3.57pm The Department of Health has insisted that accident and emergency waiting times have not been missed.

The DH laid out several points in a statement:

“1. The A&E performance standard has been met this week (w/e 13 July) with 95.3% of patients being admitted, transferred or discharged within four hours. It was also met for the first quarter of this year (April to June 2014) with performance at 95.1% and was met for the whole of last year (2013-14) with performance at 95.7%. This is thanks to the hard work of NHS staff.

“2. The target has been met despite more people attending A&E than ever before.
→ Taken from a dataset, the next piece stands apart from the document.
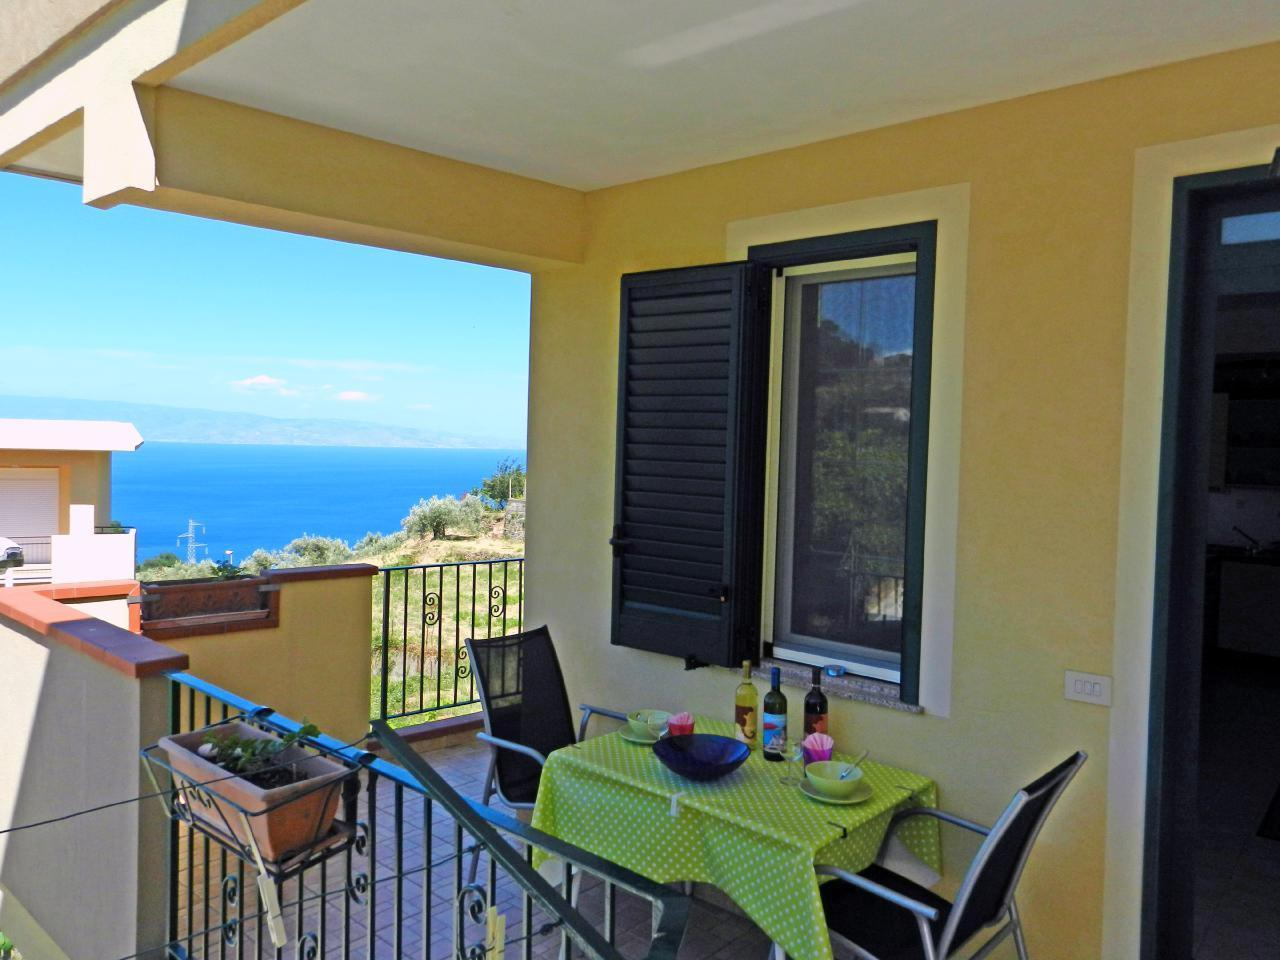 Appartement de vacances Fewo mit Balkon im Panorama-Dorf bei Taormina (737398), Forza d'Agro', Messina, Sicile, Italie, image 9

There has been an increase of 32% of people attending A&E departments from 16.5 million in 2003-04 to 21.7 million in 2013-14, and an increase of 1.3 million more attendances compared to only four years ago.

“3. The four hour standard of patients being admitted, transferred or discharged within four hours was introduced in 2004/5 and has always applied to all types of A&Es, including major A&E departments, minor injury units, and walk-in centres, and not just those type 1 units that deal with the most complex cases.

“4. NHS England measures performance for type 1, 2 and 3 A&Es but the official standard of 95 per cent of people being admitted, transferred or discharged applies to all types of A&E. The target was changed from 98 per cent to 95 per cent in 2010 because of clear advice from clinical professionals that it was best thing for patient care.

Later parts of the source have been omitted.